§ THE DATA:

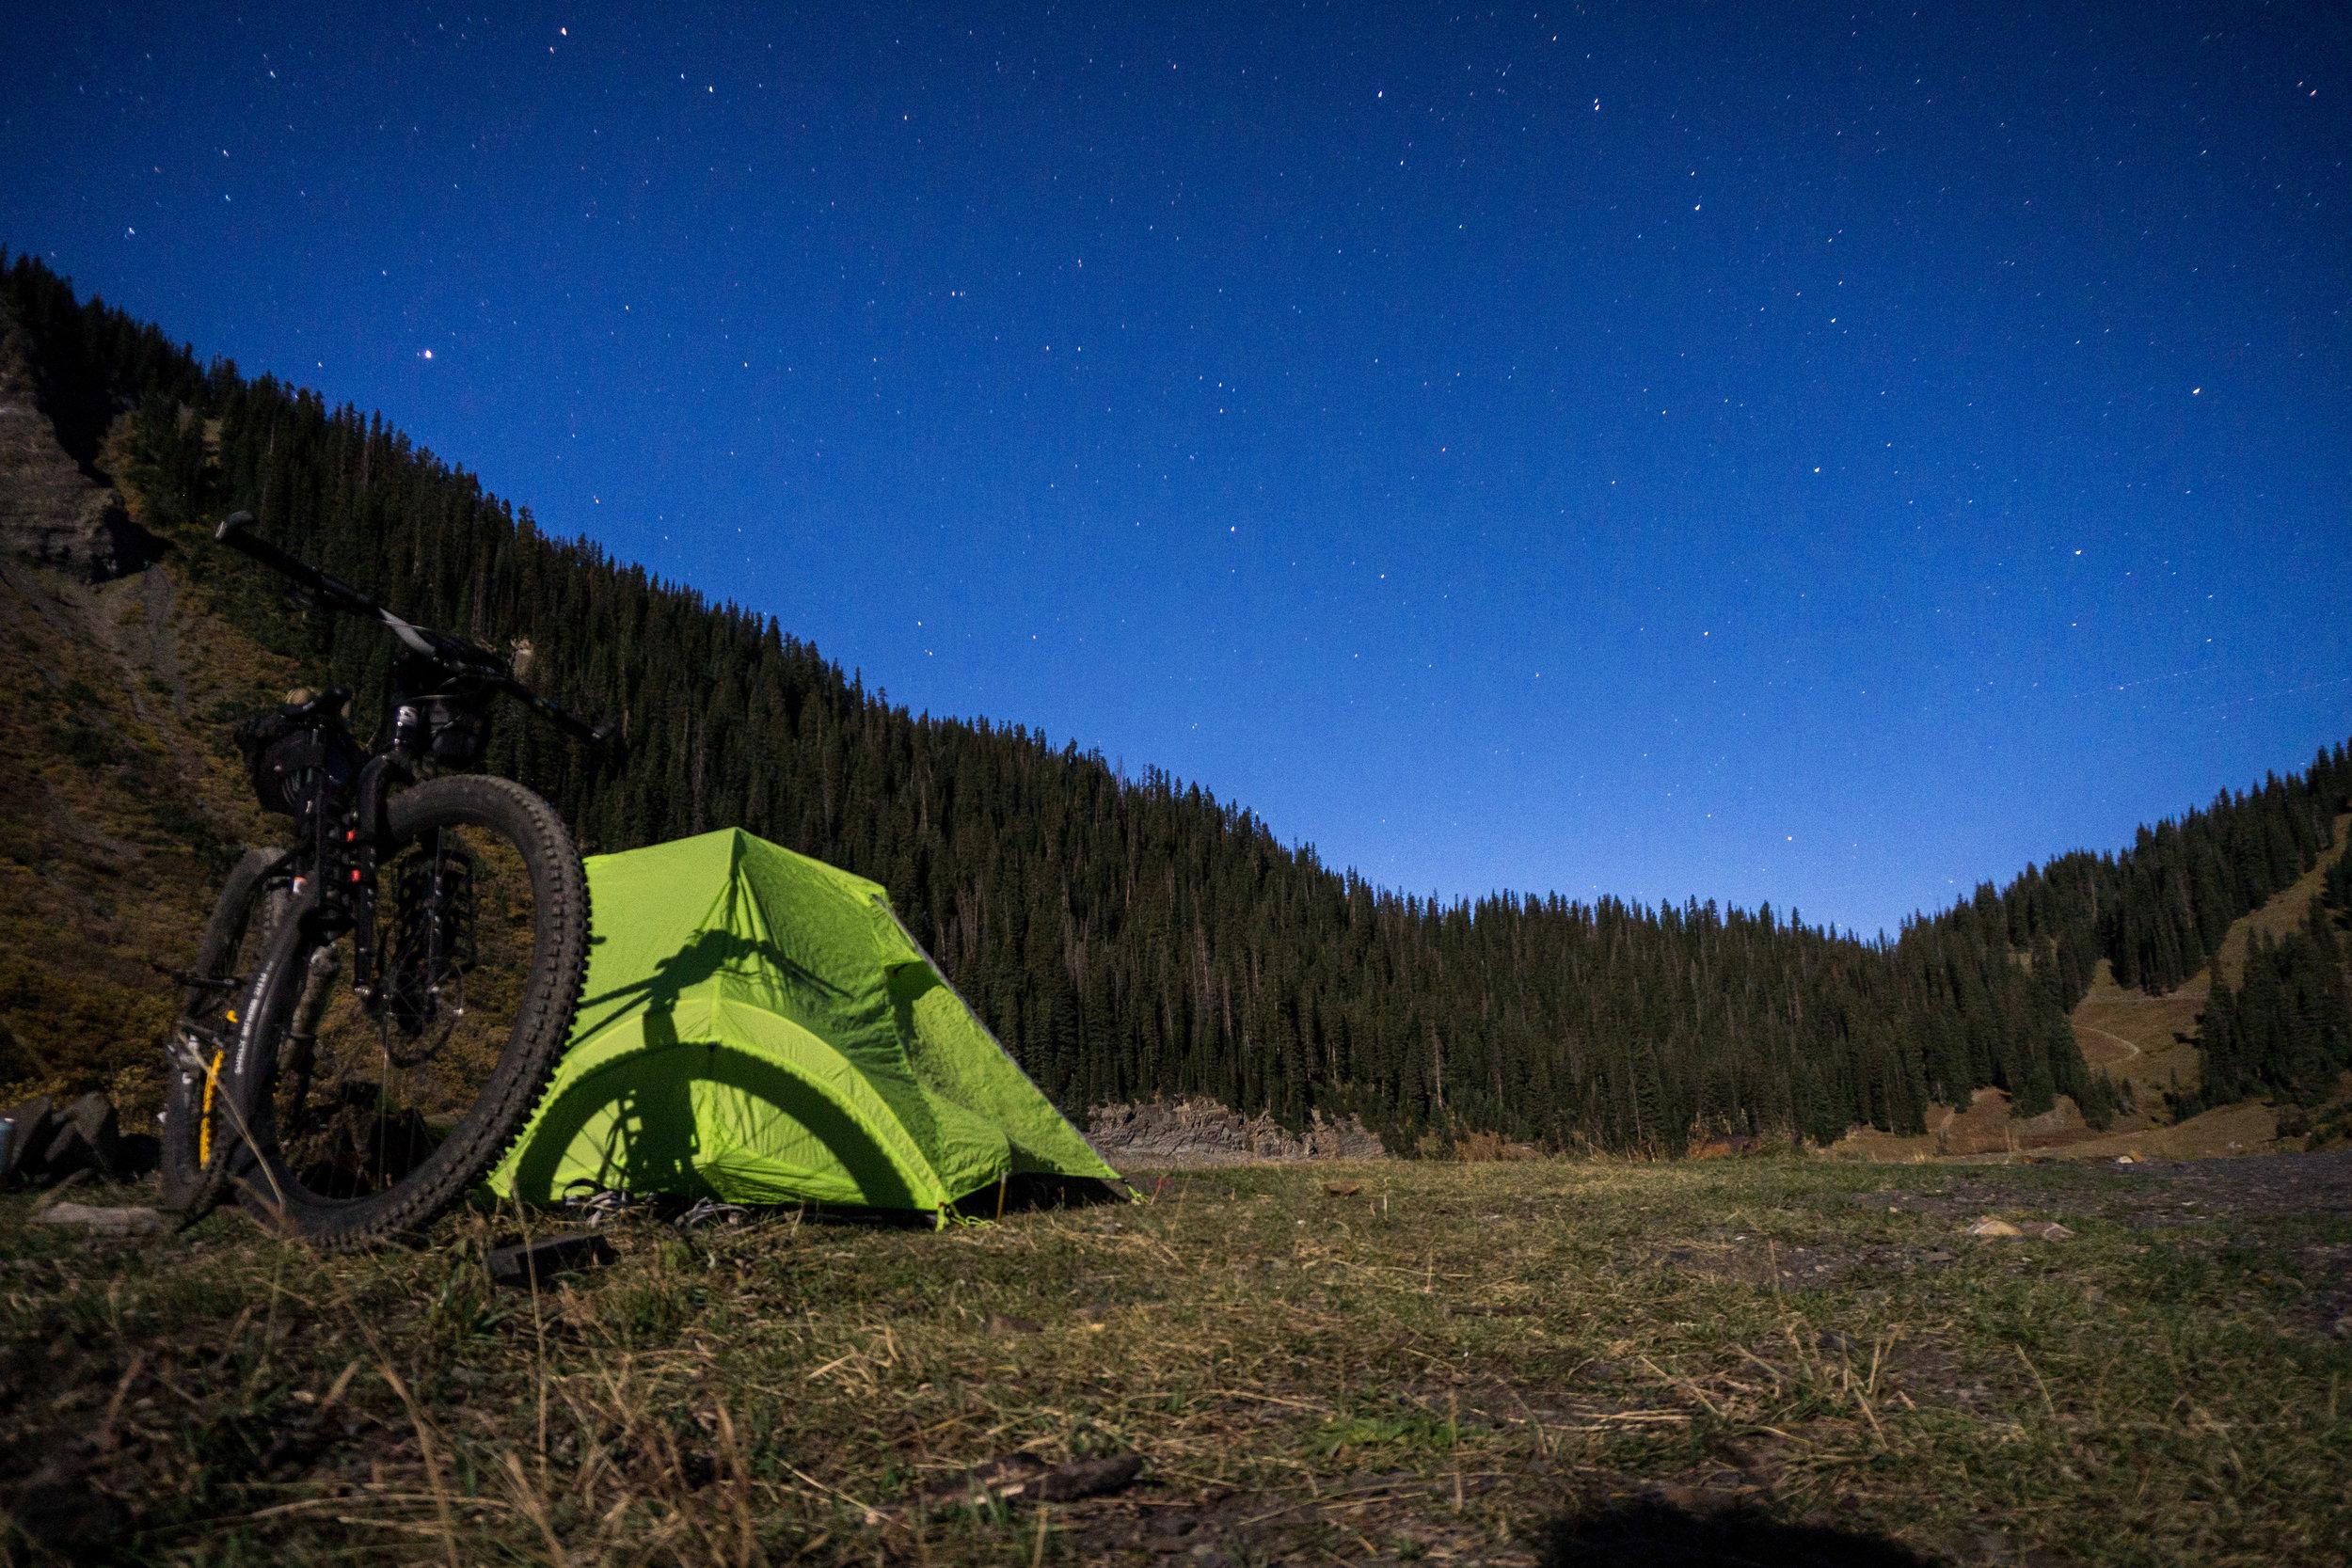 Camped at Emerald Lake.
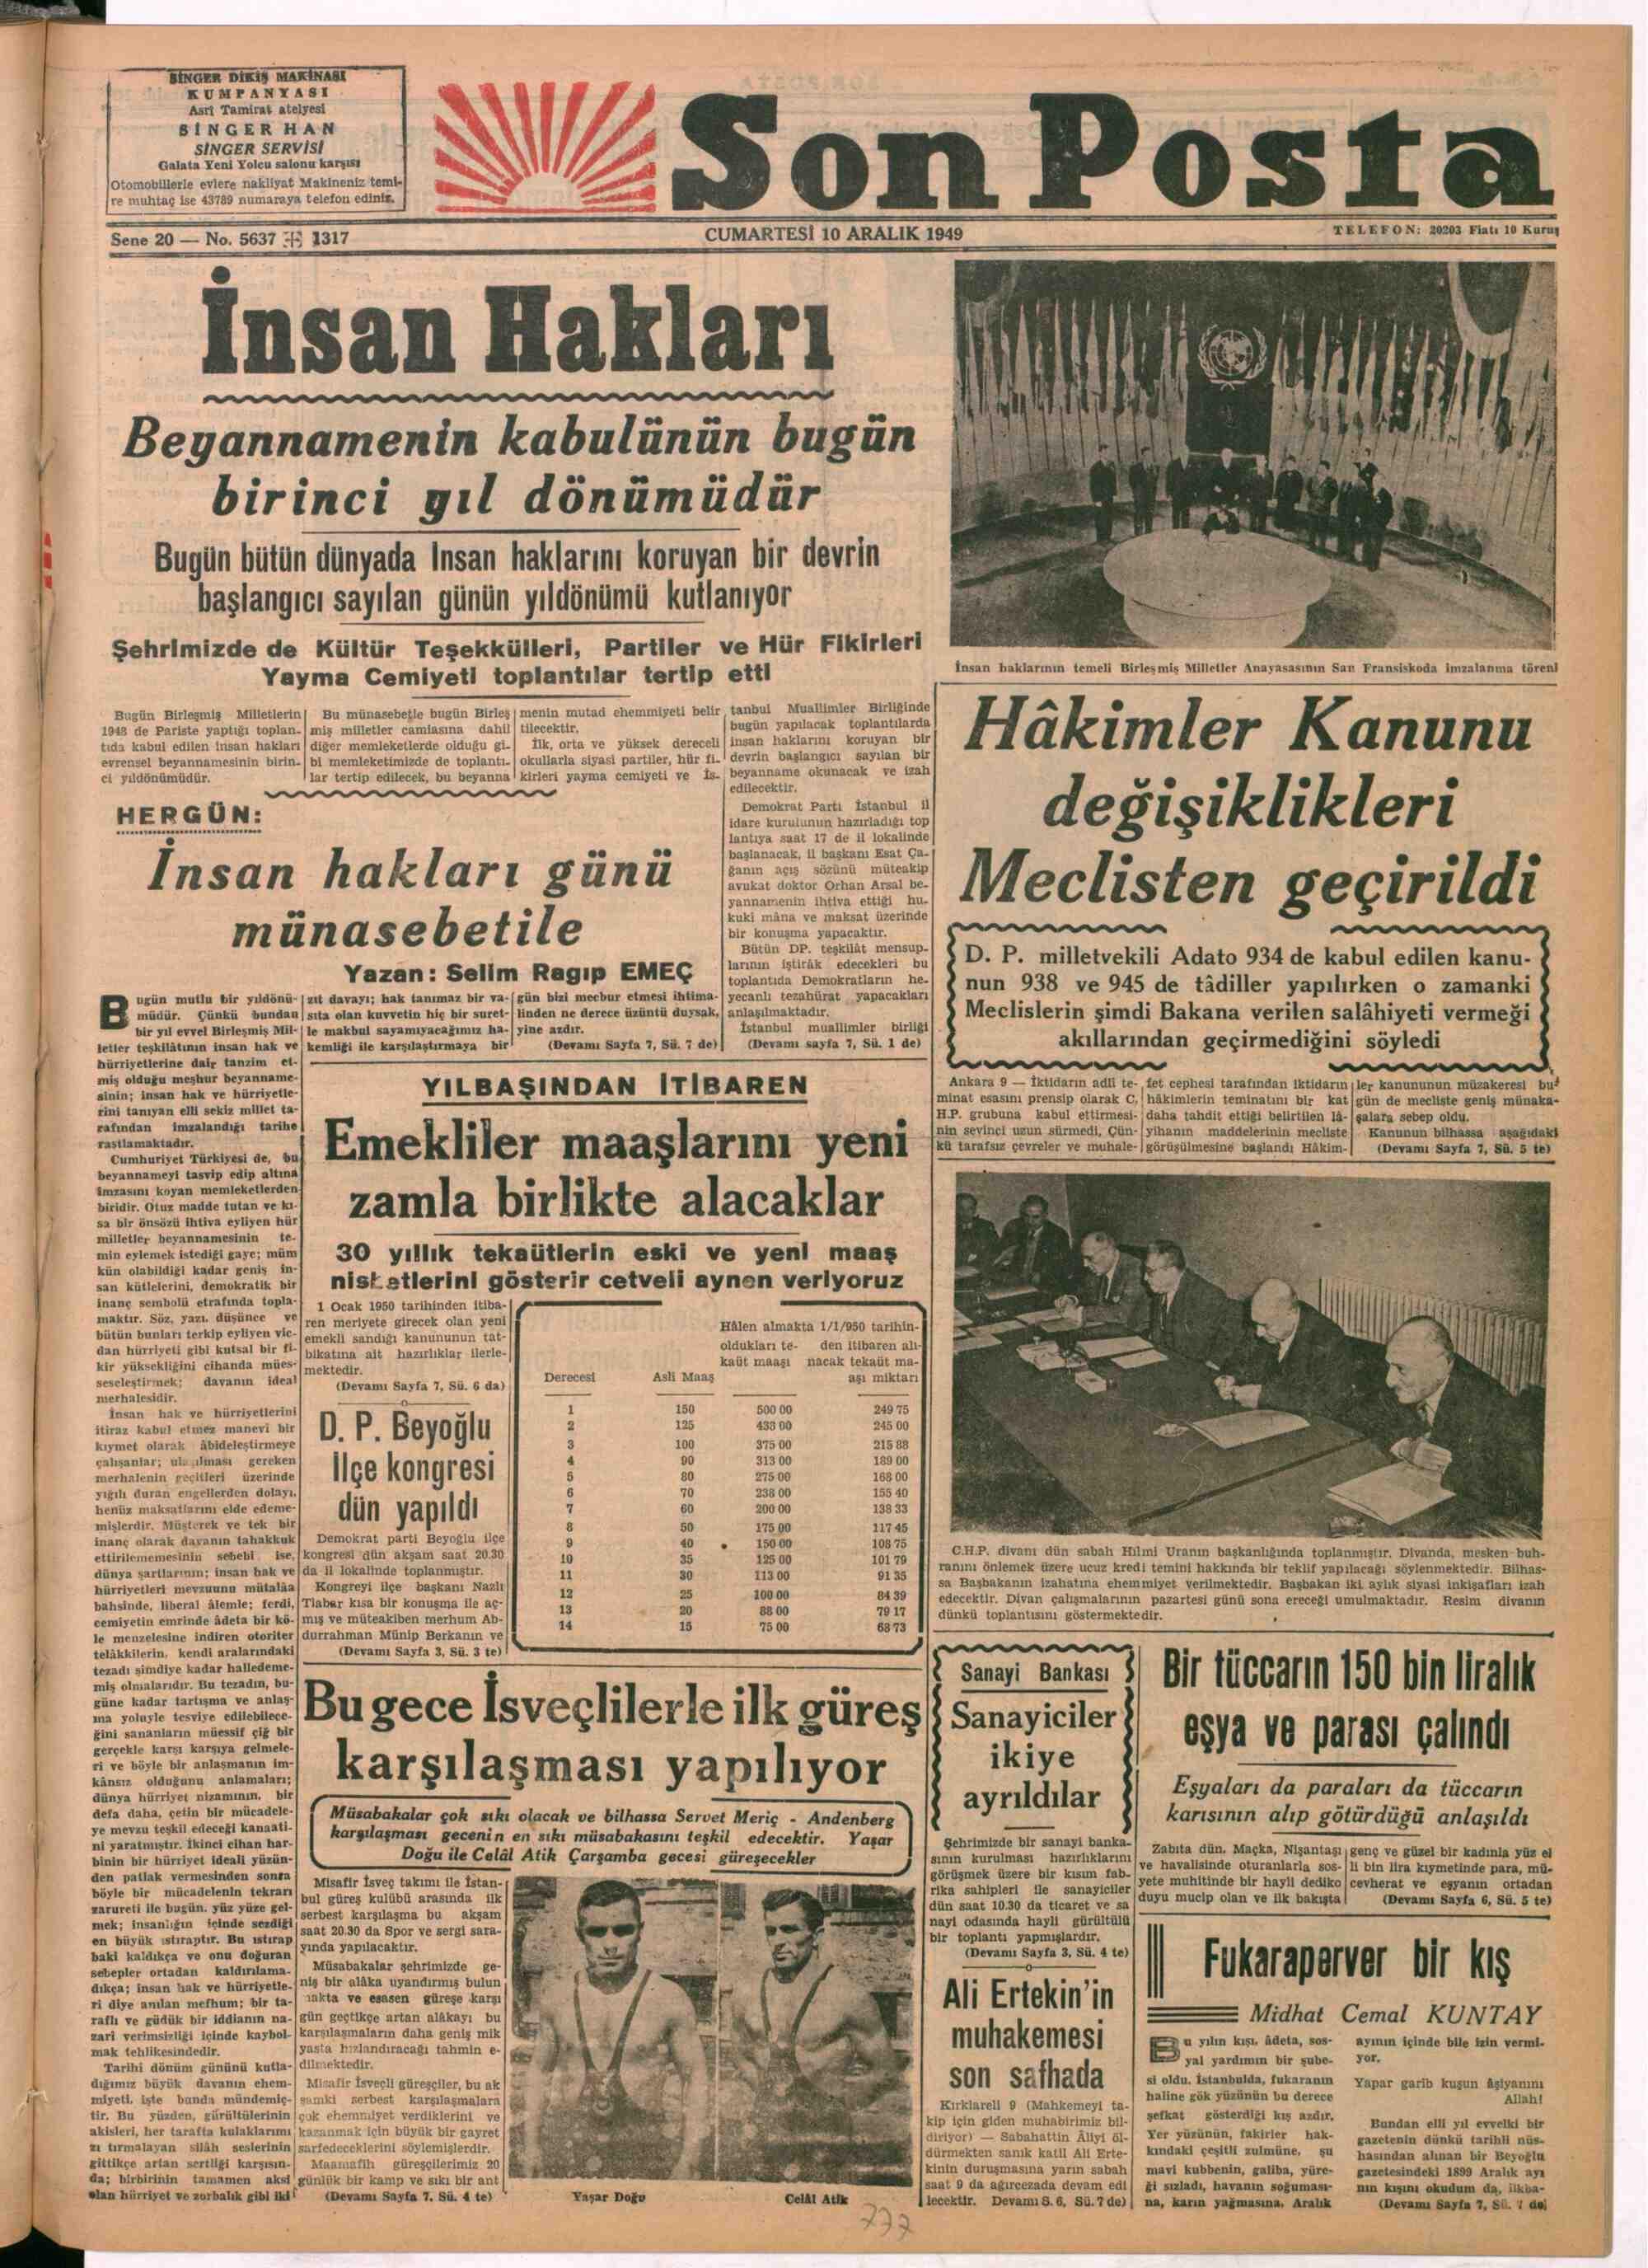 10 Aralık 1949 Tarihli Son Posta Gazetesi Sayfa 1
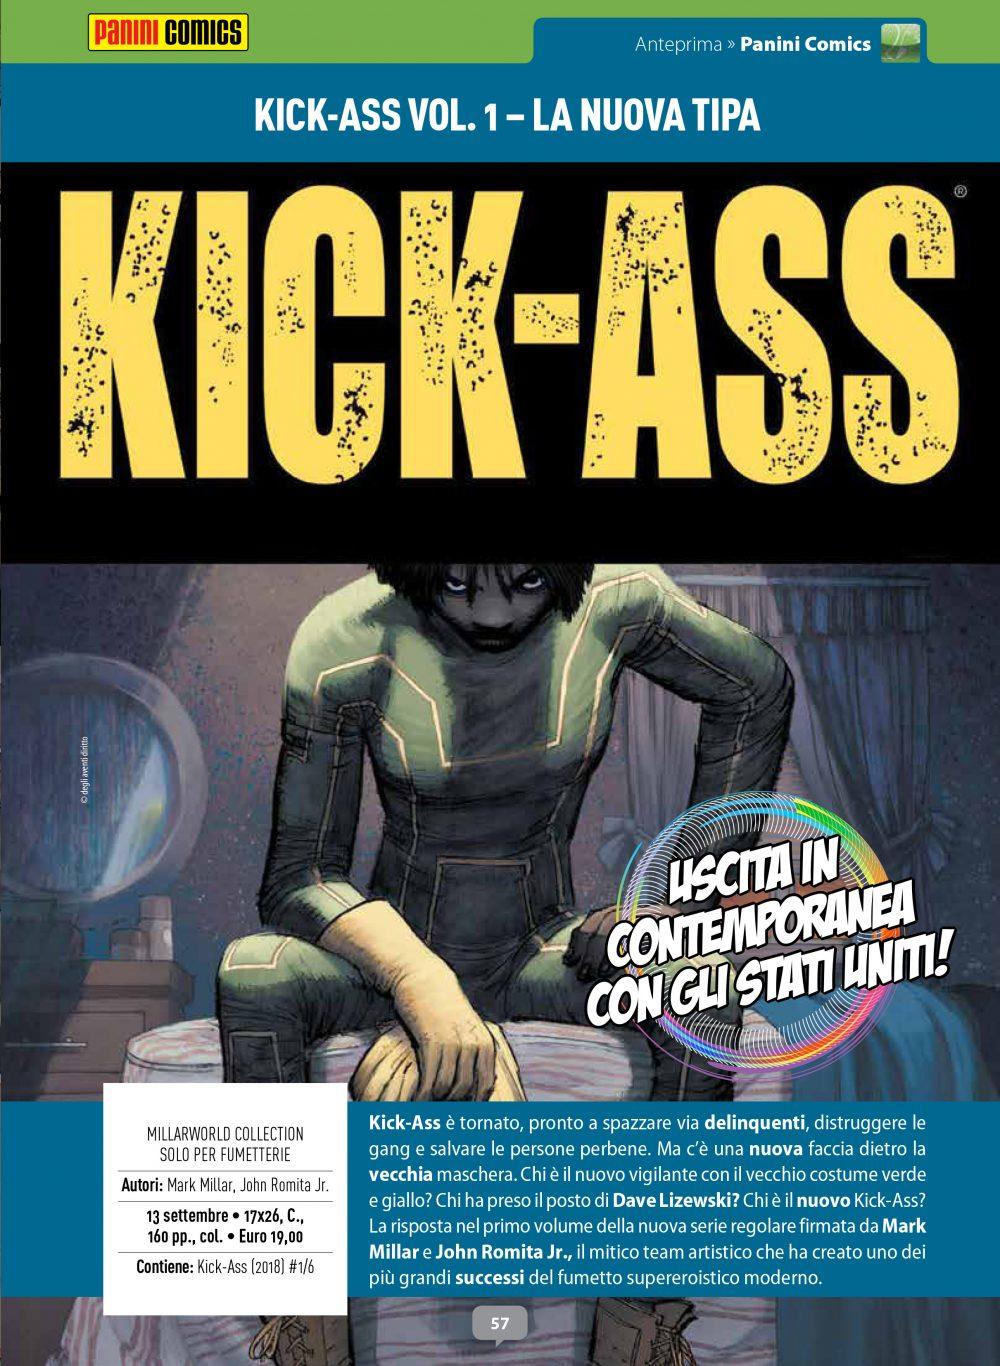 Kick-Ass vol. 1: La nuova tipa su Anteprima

§ EXERCISE REQUIREMENTS:
Please print the data above once more, exactly and without images.

§ ANSWER SPACE:
 Camped at Emerald Lake.
 10 Aralık 1949 Tarihli Son Posta Gazetesi Sayfa 1
 Kick-Ass vol. 1: La nuova tipa su Anteprima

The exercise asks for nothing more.